- Location: Madras Presidency, India
- Date: August 28, 1952
- Attack type: Murder
- Weapons: Knife
- Deaths: 1 (C. Alavandar)
- Victims: C. Alavandarh
- Motive: Revenge and illicit affair
- Accused: Prabhakar Menon, Devaki Menon
- Charges: Murder under Indian Penal Code Section 302
- Verdict: Prabhakar Menon – Guilty Devaki Menon – Acquitted
- Convictions: Prabhakar Menon – Guilty of culpable homicide not amounting to murder
- Case received widespread media coverage in India in the early 1950s

= Alavandar murder case =

1950s criminal case in India

The Alavandar murder case is a murder trial which was conducted in the Madras State, India in the early 1950s. The cause of the trial was the murder of a businessman and ex-serviceman named Alavandar whose headless body was found in one of the coaches of the Indo-Ceylon Express. After a trial which became a cause célèbre, Alavandar's ex-lover and her husband were found guilty of the murder and had been sentenced to brief terms of imprisonment.

==Introduction==
C. Alavandar, a pen salesman from Chennai was reported missing on 28 August 1952, by his employer kannan Chetty (the owner of Gem and Co). The next day a headless body was discovered in a third-class compartment of the Chennai-Dhanushkodi (Indo-Ceylon boatmail) express. It was found after passengers complained about a foul-smelling trunk when the train was nearing Manamadurai. Police investigating the complaint, opened the trunk and found the headless body. An autopsy done at Manamadurai concluded that the body belonged to a 25-year-old male. Since it was circumcised, the investigating police officer, K.Khaja Syed Mohideen, decided that the murder victim was a Muslim based on Circumcision (removal of the upper layer of the skin in male reproductive organ). After a few days, police discovered a severed head in Royapuram beach, Chennai. It had been buried in the beach sand but was exposed due to tidal action. The head and body were sent to Madras Medical College for forensic examination. Dr. C. P. Gopalakrishnan who performed the examination concluded that both belonged to the same 42-year-old male. Alavandar's wife later identified them as her husband. Alavandar had served in the British Indian army and his fingerprints were on file there. They were used to conclusively prove that the murdered man was Alavandar.
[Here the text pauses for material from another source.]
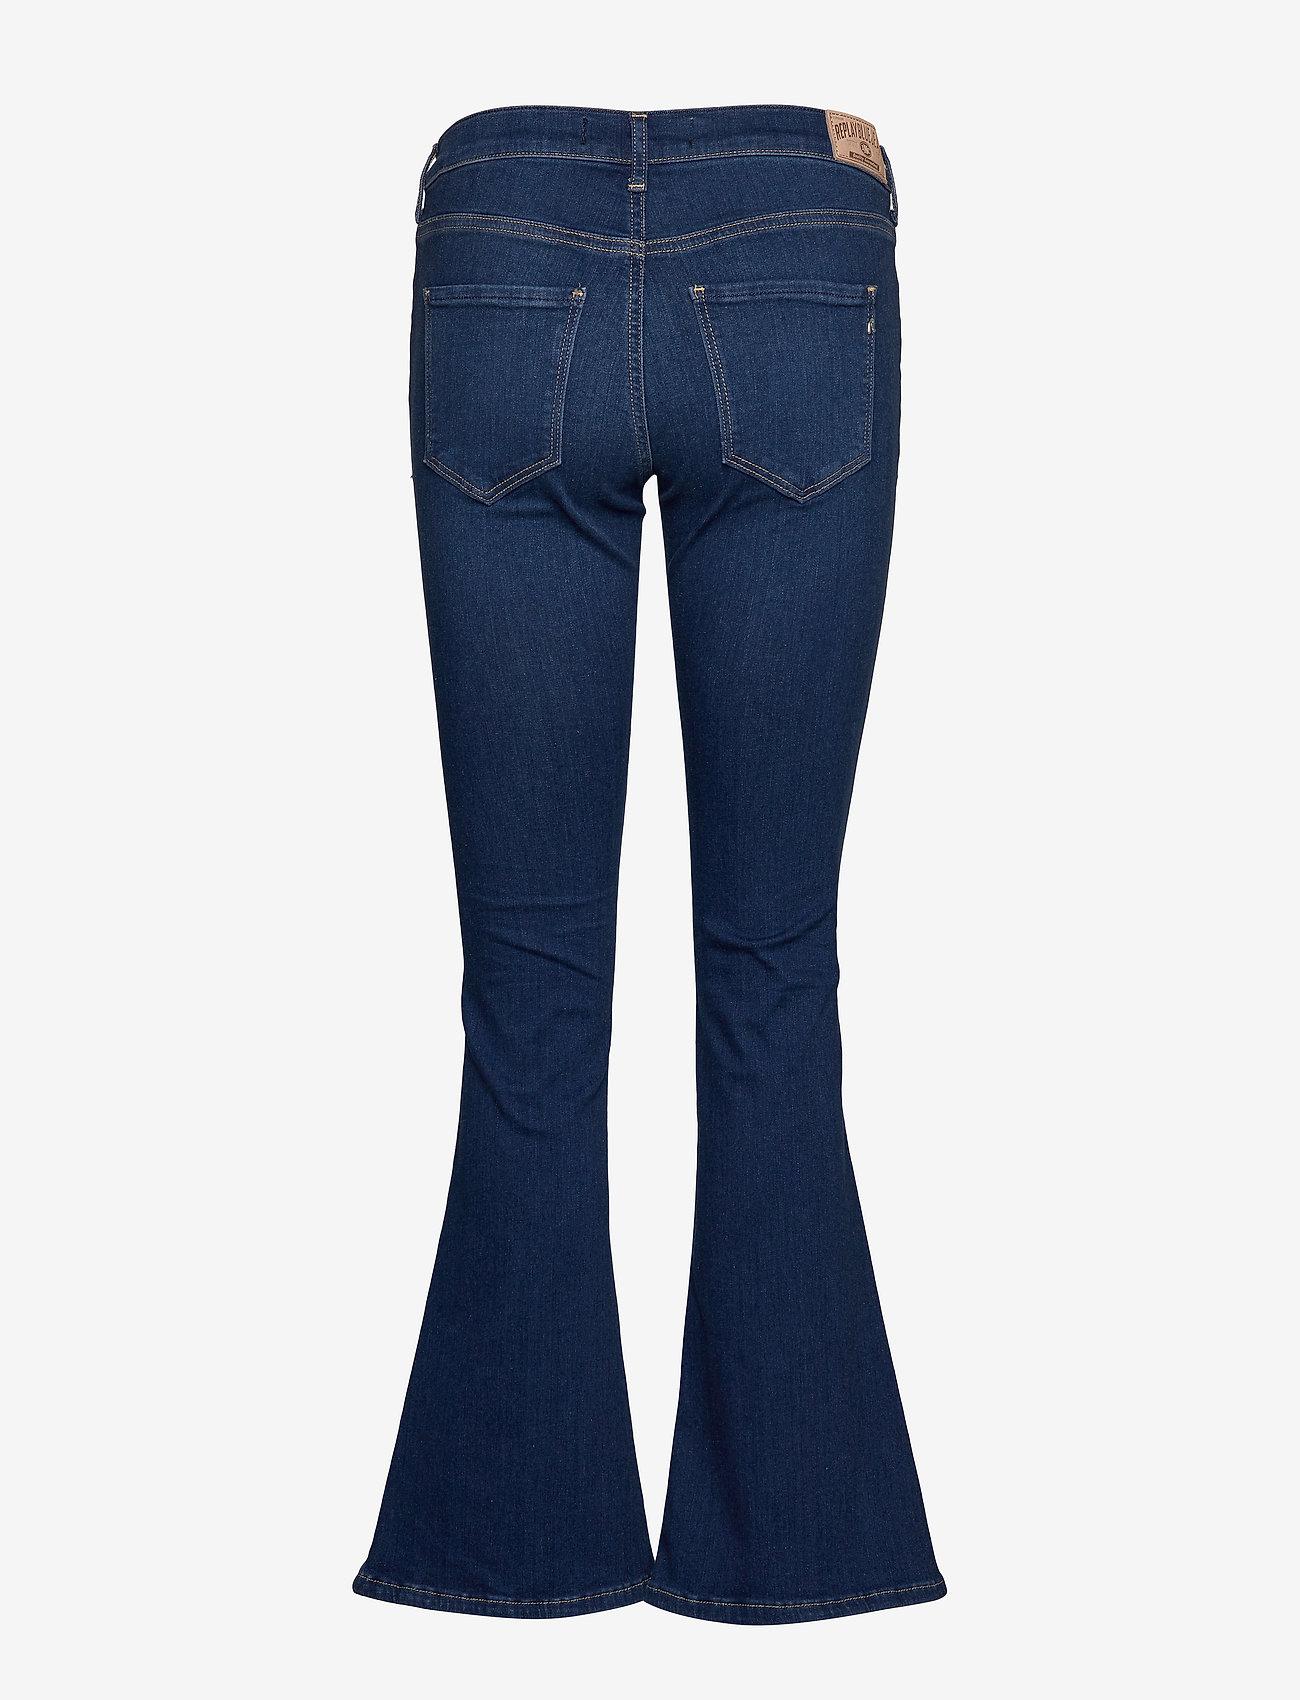 Replay - Shorts - schlaghosen - medium blue - 1

==Investigation and trial==
The Police investigation into Alavandar's murder revealed the circumstances leading to his death. Alavandar belonged to the Komati Chetti community. In 1952, he was about 40–45 years of age and married with two children. Besides his pen shop at Parry's Corner, Chennai, Alavandar was a saree salesman. He was romantically involved with many women. One of them was Devaki Menon from Kerala. In 1951, Devaki broke off her relationship with Alavandar and married Prabhakar Menon. But Alavandar continued to harass her. To stop Alavandar, Devaki and Prabhakar decided to murder Alavandar. Devaki called Alavandar to her house at the cemetery road on 28 August 1952. There the couple murdered Alavandar, cut his head off and buried it at Royapuram beach in Chennai. They put the body in a trunk and left it in the Indo-Ceylon Express. Then they left Chennai for Bombay.

The couple was arrested in Bombay and brought to Chennai for trial. The trial caused a sensation and large crowds thronged the hearings. Lawyer B. T. Sundararajan, appearing for the defense, argued that it was a homicide and not murder as there had been "grave provocation". The jury found the defendants Devaki and Prabhakar guilty. On 13 August 1953, Justice A. S. Panchapakesa Iyer awarded a seven-year rigorous imprisonment sentence to Prabhakar for culpable homicide and sentenced Devaki to three years in prison.

==Impact==
Prabhakara Menon and Devaki, eventually, served their sentences in jail and afterwards, moved to Kerala where they set up a tea shop and over the years they prospered and built a hotel Devaprabha in Palakkad, Kerala.
The judge who handed down the comparatively mild sentence has often been accused of being sympathetic to the accused. This sensational case was considered an important one in the Indian forensics field and finds mention in medical textbooks. It was dramatised in Doordarshan.